# Need PLEBE tank lid code



## JK949 (Mar 18, 2009)

My customer has an American Standard PLEBE toilet with a crack in the lid. They are putting the house up for sale so a new toilet is unwanted. 

The lid had L84 stamped and the tank L85. I can't find this code with the used tank lid sites. A/s no longer manufactures this lid.

Anybody know the code for this lid?


----------



## HOMER (Jun 5, 2011)

I found this http://compare.ebay.com/like/170569071318?var=lv&ltyp=AllFixedPriceItemTypes&var=sbar&_lwgsi=y

the contours on the tank look the same

looks like your cust's toilet

I think its this

measure it and make sure its close to the 4083 tank lid listed on those sites

http://cgi.ebay.com/American-Standard-4083-toilet-tank-lid-White-/120752969578?_trksid=p3284.m263&_trkparms=algo%3DSIC%26its%3DI%26itu%3DUCI%252BIA%252BUA%252BFICS%252BUFI%26otn%3D21%26pmod%3D170569071318%26ps%3D54

the bidding ends in 5 days....

tick,tick,tick

good luck

are you getting paid to hunt this down ?


----------



## JK949 (Mar 18, 2009)

I'll mark it up if it they want it. I need to get a smartphone so I can make these posts from the jobsite. The 4083 is what I've seen elsewhere, just trying to get confirmation.


----------



## plumb nutz (Jan 28, 2011)

Damn, we got a whole collection of those, we practically give them away at $10 each. Got all sorts of colors too...
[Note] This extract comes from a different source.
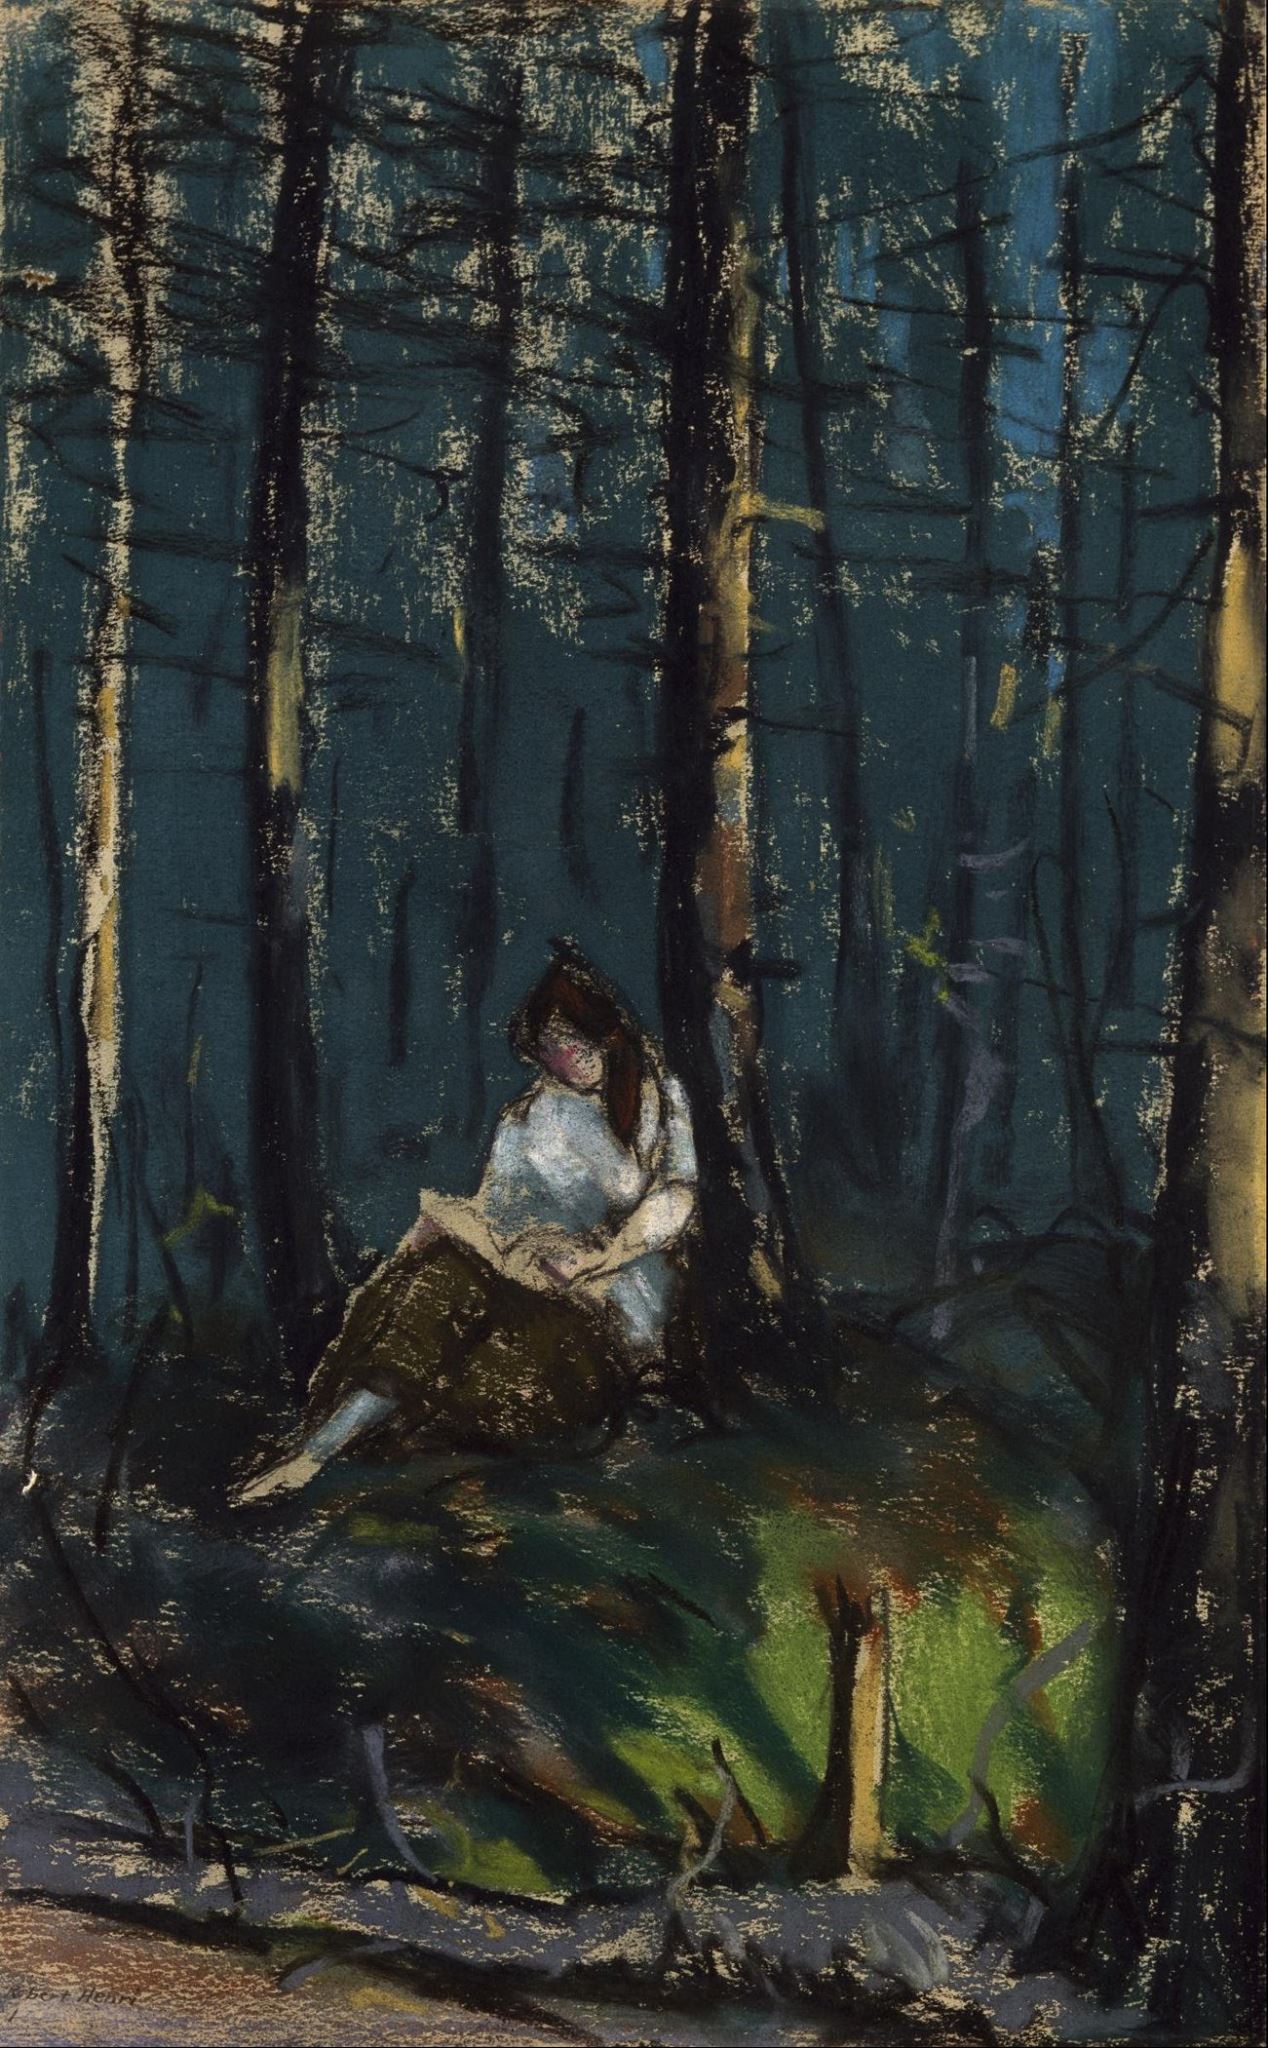 Reader in the Forest, 1918. Robert Henri (American, 1865-1929)
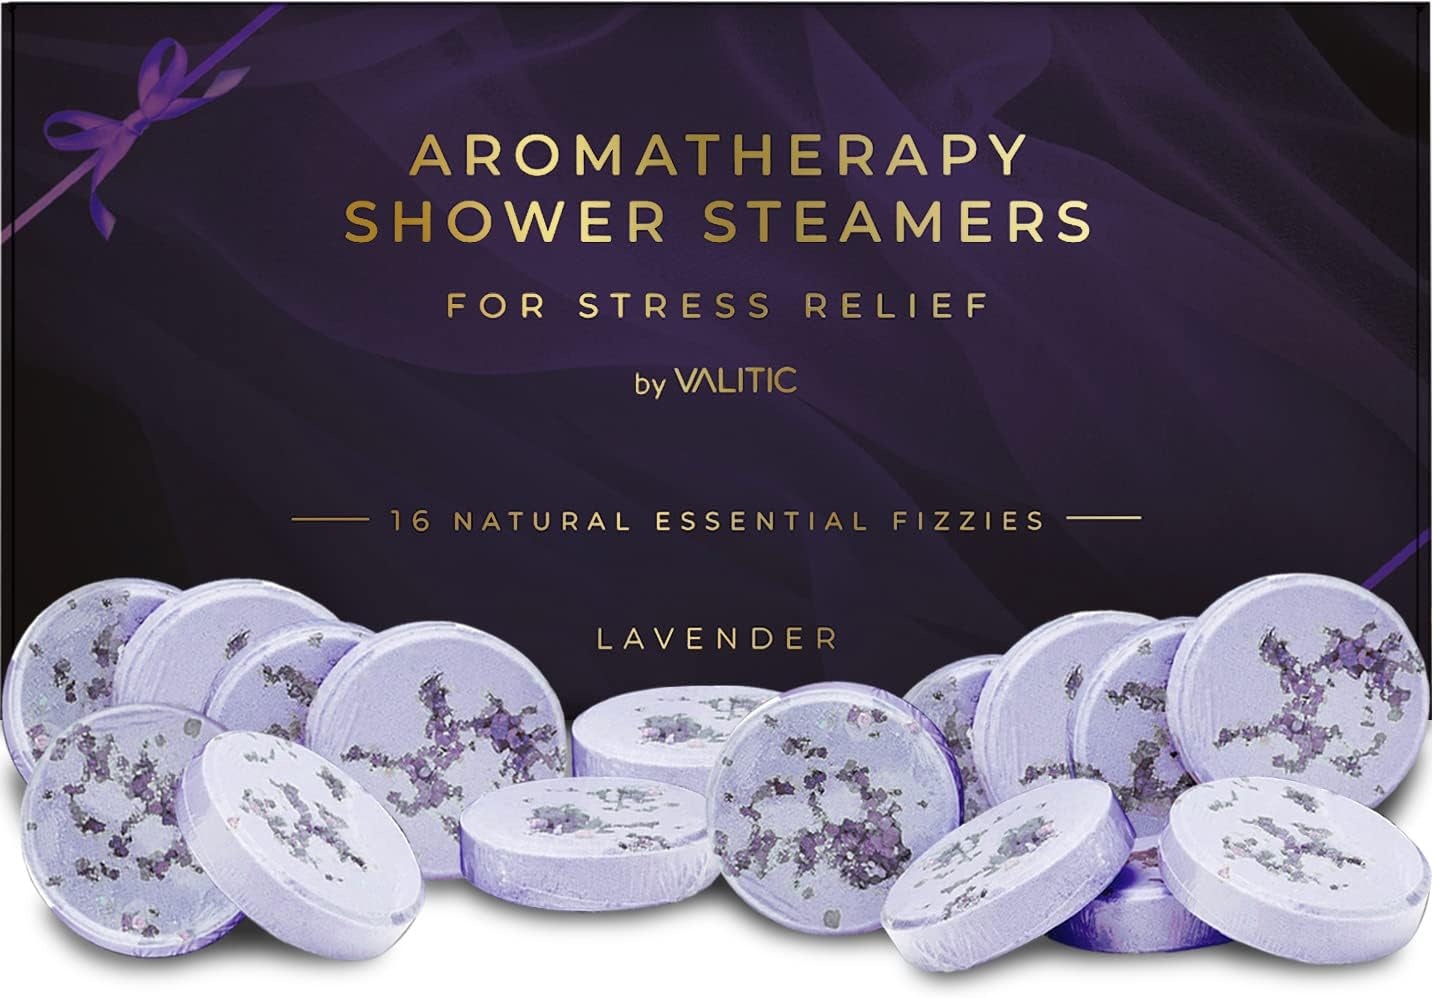 Aromatherapy Shower Steamers for Stress Relief and Relaxation - Gifts for Women Mom Birthday 8 Natural Essential Fizzies Shower Bombs - 4 Scents - Lavender, Eucalyptus, Citrus, and Peppermint

Save them from all the toilets we replace


----------



## JK949 (Mar 18, 2009)

If you have a 4083 in white, no defects, I'll pay for shipping to CA, 92630.


----------



## HOMER (Jun 5, 2011)

American Standard # *4083* M83: _white_ - 19 1/8" x 8 1/8" = $96.10 

if thats close on the dimensions...

from tank lid site


----------



## rocksteady (Oct 8, 2008)

This is my AS at home.










To my eyes, it's the same as the Plebe I had at the house before.

Tank lid...









Tank...

















Paul


----------



## HOMER (Jun 5, 2011)

is there a date code inside that tank..?
can't make it out


----------



## rocksteady (Oct 8, 2008)

HOMER said:


> is there a date code inside that tank..?
> can't make it out


 
Nov 5, 1987(or '83)?





Paul


----------



## Redwood (Sep 8, 2008)

Have a Look See here...

http://www.plumbingsupply.com/tanklids.html#americanstandard

They might have what you need...


----------



## grandpa (Jul 13, 2008)

A new basic toilet will cost you less than the lid.


----------



## rocksteady (Oct 8, 2008)

grandpa said:


> A new basic toilet will cost you less than the lid.


This is true. 

The only way it wouldn't is if you had one on hand or called in a favor from a local plumber that had one. Just the shipping would probably buy half of a Vortens. It's not like it's a rose colored low boy that matches the whole suite.






Paul


----------